I am an old man now with a sensibility that certainly frets about my grandchildren’s future but one that can still take delight in my own youth, even though, admittedly, I still cringe at the thought of the many shenanigans I was involved in.  But through both the good and the bad my childhood was full and rich, no question about that, and the more I think on it, the more I realize it was pure Texan, but from an era that has now vanished irretrievably in the rear view mirror, although this fact did not really sink in until many years later. At the time I thought it was normal to grow up semi-wild, like a Comanche Indian, with thousands of acres to roam at will on; to spend most of my youth in the river bottoms and post-oak savannah of south-central Texas, to develop an easy familiarity with the critters and varmints, the horses and cows, the insect and plant life, and to come to adulthood in a human-scape as rich and varied as the landscape.
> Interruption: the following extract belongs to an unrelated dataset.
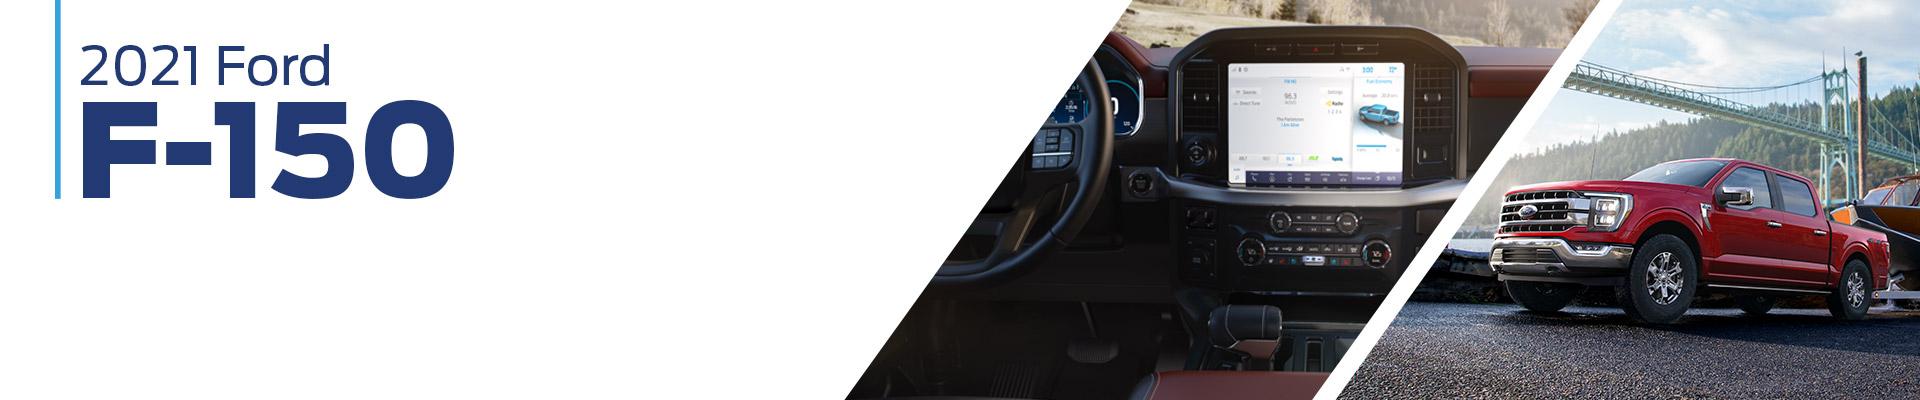 2021 Ford F-150 - Sun State Ford - Orlando, FL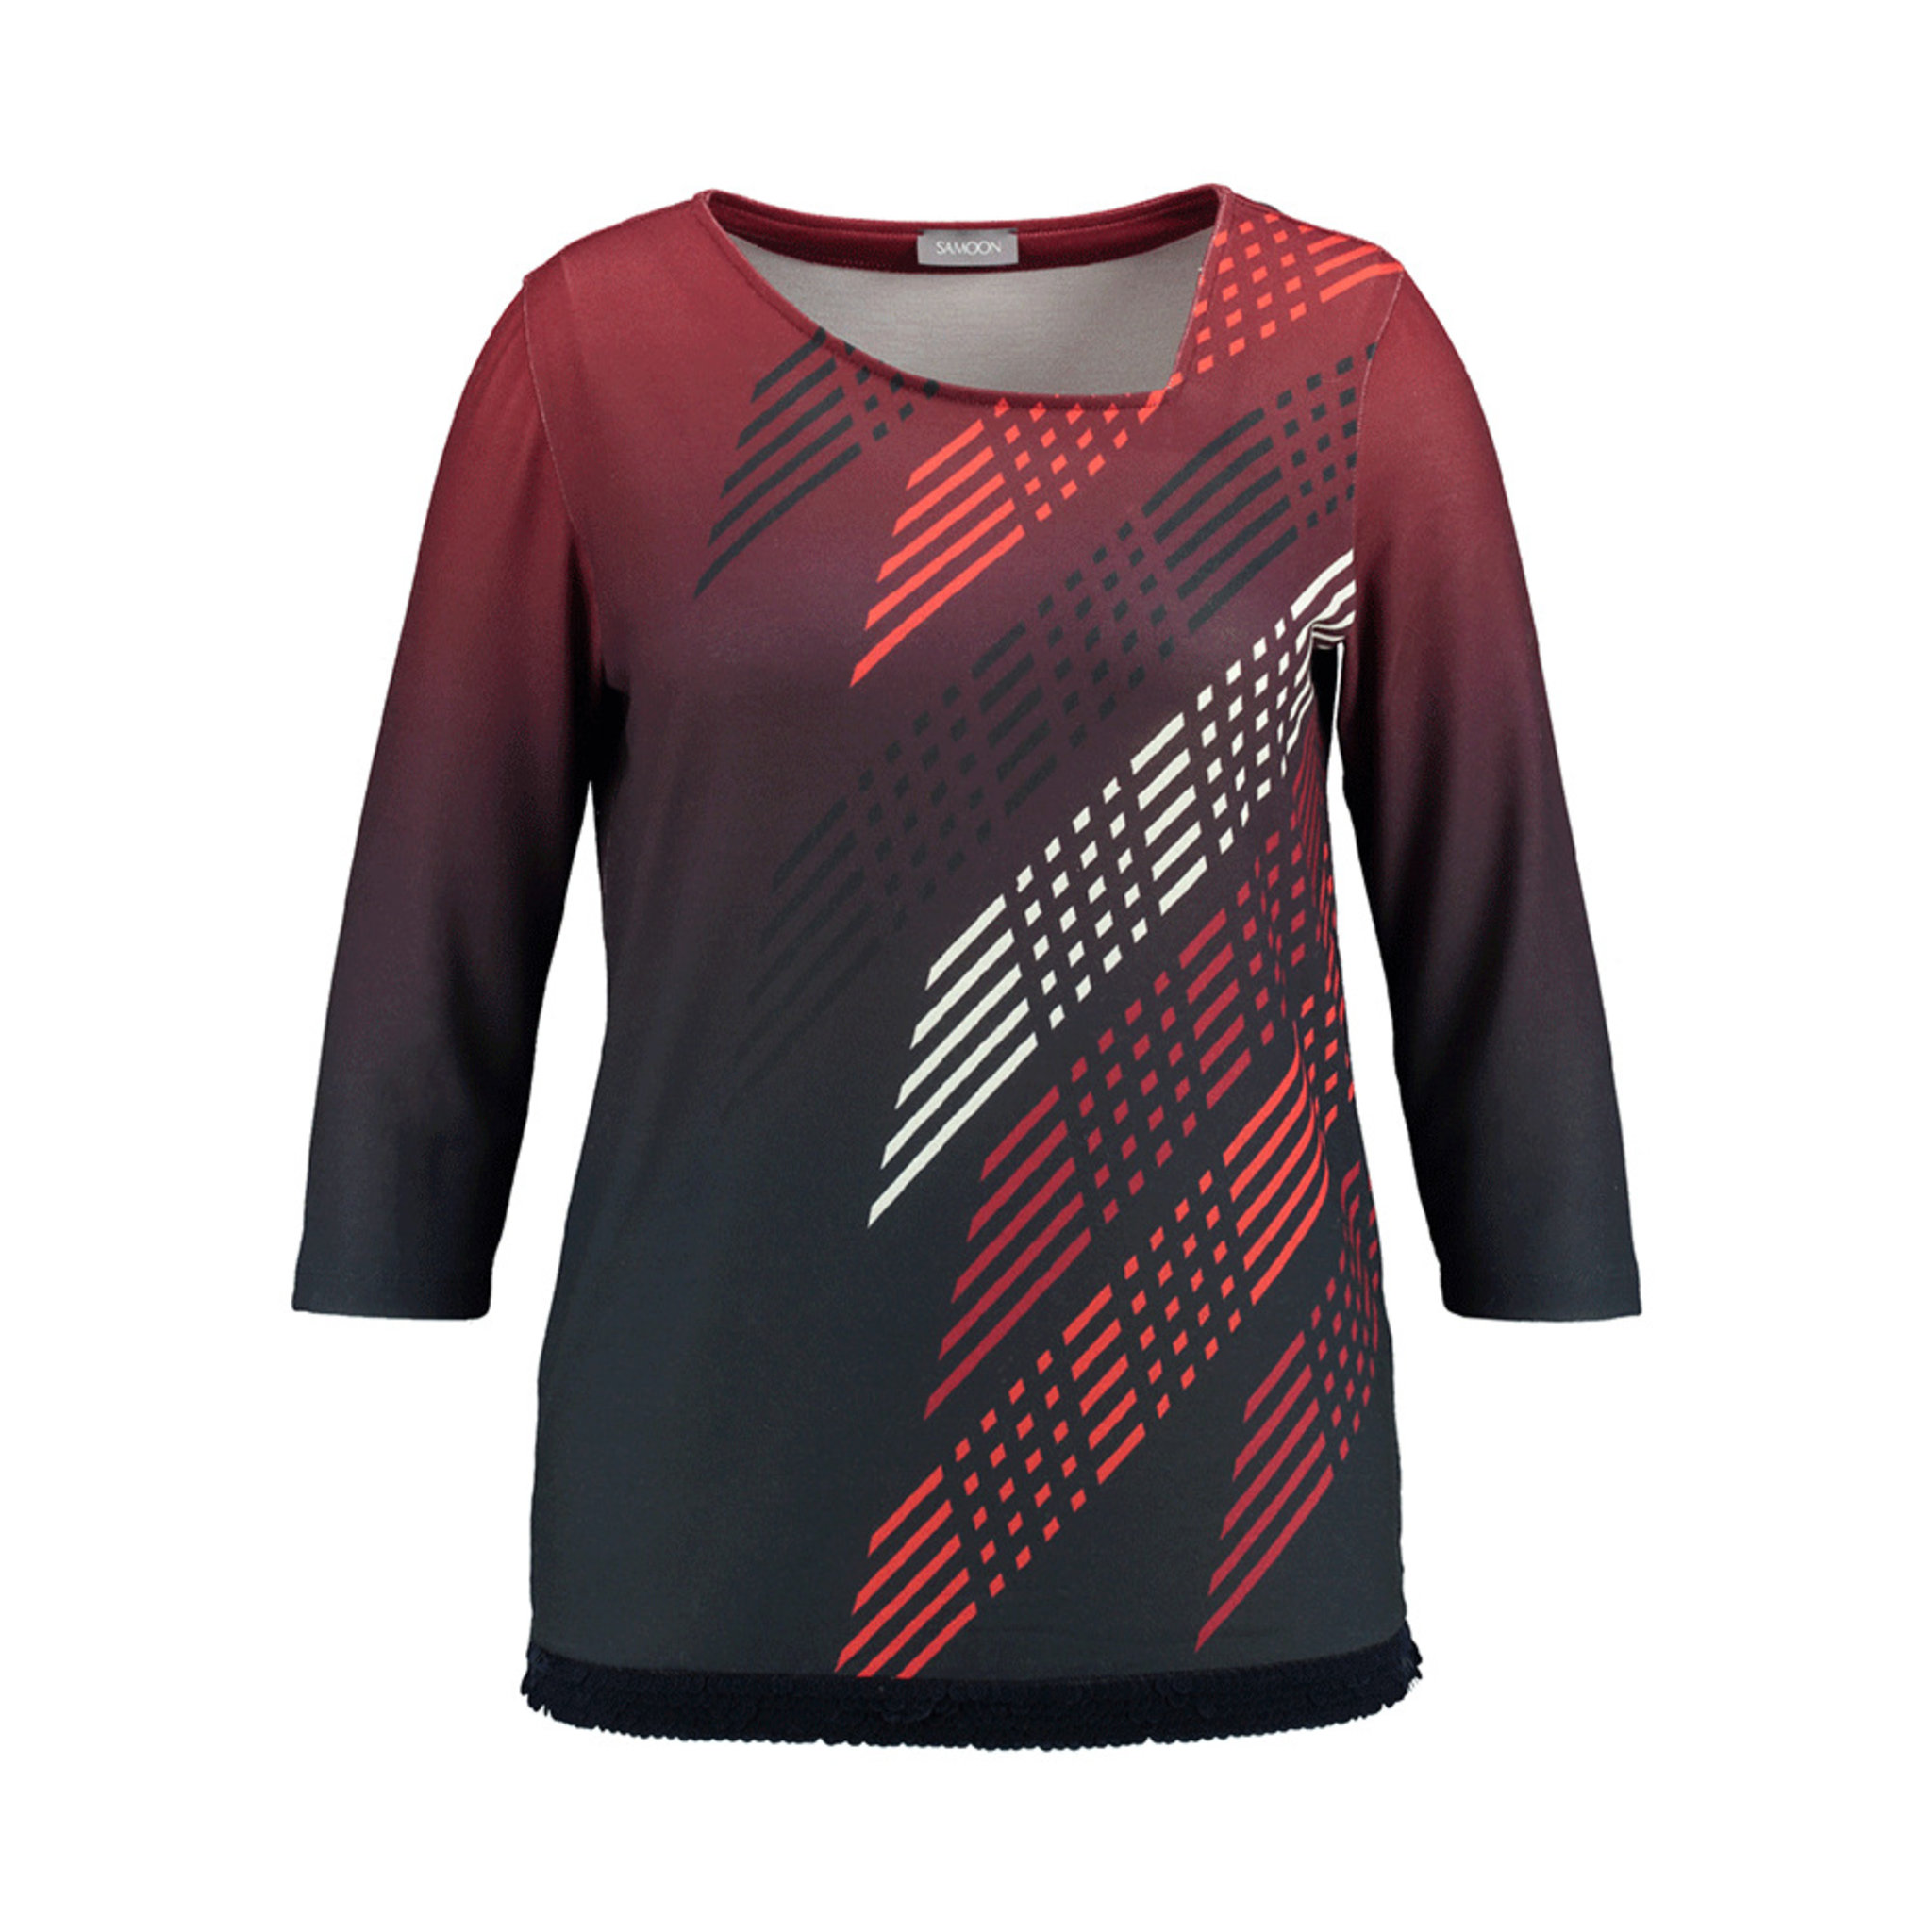 4d33fa7a T-shirt med 3/4 lång ärm - T-shirts & toppar - Köp online på åhlens.se!

It was all captivating, but the human-scape was perhaps the most intriguing of all for me. It included a fascinating array of characters of all classes and colors; men who fit no mold and were often wonderfully eccentric and sometimes impishly irreverent.  Citizens of German, Czech, and Anglo descent filled out the white population in roughly equal numbers, which created a unique dynamic within itself, but added to this was a substantial black population, which provided the most trenchant interaction. 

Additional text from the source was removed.